Inverse document frequencies
idf
and its transducer variant idf-xf
compute the inverse document frequency of terms in a collection of texts, which is a measure of the specifity of a term for a given document collection. The non-transducer version can be directly called on a text collection:
user> (tfidf/idf textcoll)
{"onli" 0.0, "And" 0.6931471805599453, "which" 0.2876820724517807, "stupid" 0.6931471805599453,
"pars" 0.6931471805599453, "Another" 0.6931471805599453, "is" 0.2876820724517807, "just" 0.6931471805599453,
"for" 0.0, "text" 0.0, "a" 0.6931471805599453, "here" 0.6931471805599453, "other" 0.6931471805599453,
"some" 0.6931471805599453, "english" 0.0, "silli" 0.6931471805599453, "This" 0.6931471805599453, "test" 0.0}
The transducer version expects an input as produced from the term frequency transducer, i.e., a map of terms (a sorted-map
with their respective occurence frequency) and a sequence of tfs value per document.
user> (into {} (comp (map xf/tf) (xf/tf-from-docs-xf) (xf/idf-xf)) textcoll)
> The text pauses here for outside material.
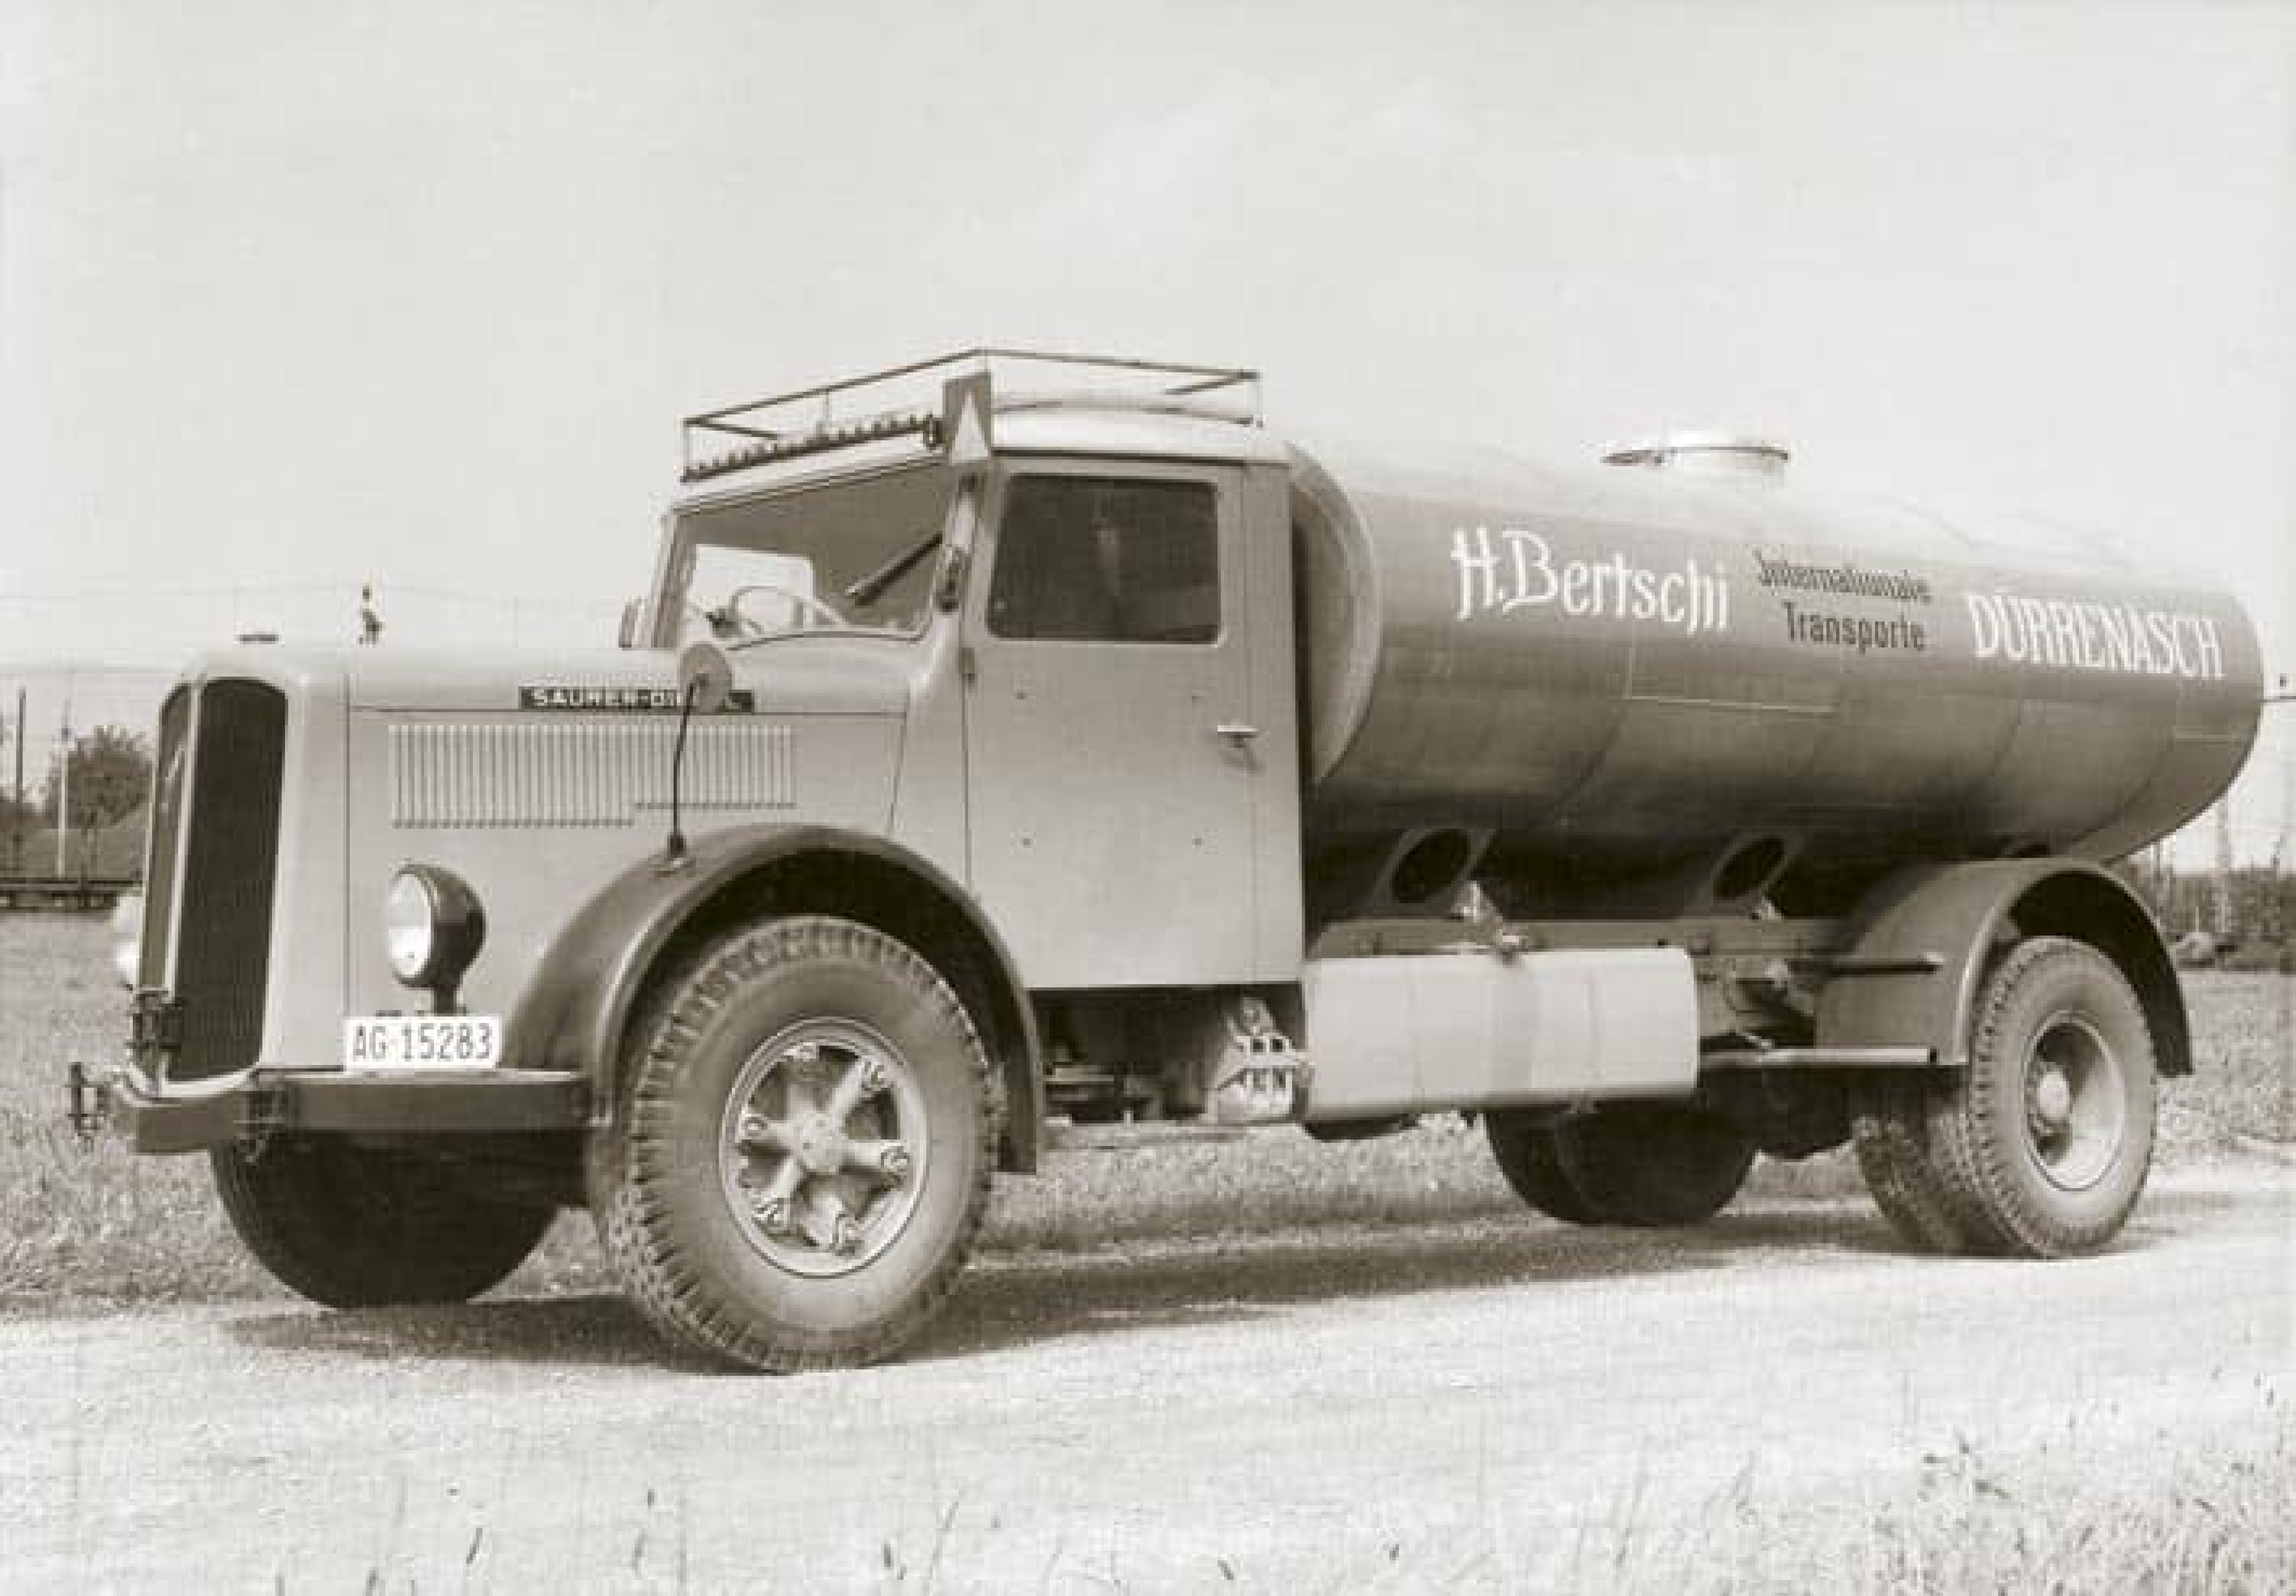 The first Bertschi road tanker truck, a Saurer model, in black and white.

{:terms {"And" {:doccount 1, :idf 0.47712125471966244},
"Another" {:doccount 1, :idf 0.47712125471966244},
"This" {:doccount 1, :idf 0.47712125471966244},
"a" {:doccount 1, :idf 0.47712125471966244},
"english" {:doccount 3, :idf 0.0},
"for" {:doccount 3, :idf 0.0},
"here" {:doccount 1, :idf 0.47712125471966244},
"is" {:doccount 2, :idf 0.17609125905568124},
"just" {:doccount 1, :idf 0.47712125471966244},
"onli" {:doccount 3, :idf 0.0},
"other" {:doccount 1, :idf 0.47712125471966244},
"pars" {:doccount 1, :idf 0.47712125471966244},
"silli" {:doccount 1, :idf 0.47712125471966244},
"some" {:doccount 1, :idf 0.47712125471966244},
"stupid" {:doccount 1, :idf 0.47712125471966244},
"test" {:doccount 3, :idf 0.0},
"text" {:doccount 3, :idf 0.0},
"which" {:doccount 2, :idf 0.17609125905568124}},
:tfs ((0.7 0 0 0 0.7 0.7 0 0 0.7 0.7 0.7 0 0 0.7 0 1.0 0.7 0)
(0 0 0.7 0.7 0.7 0.7 0.7 1.0 0 0.7 0 0.7 0.7 0 0 1.0 0.7 0.7)
(0 0.7 0 0 0.7 0.7 0 0.7 0 0.7 0 0 0 0 0.7 1.0 0.7 0.7))}
Note that terms
is again a sorted-map
of terms, the number of documents the term occured in and the idf value of the term. We can see here that "for", "english", "onli", "test" and "text" are not very specific: they appear in each sentence, so their idf values are zero.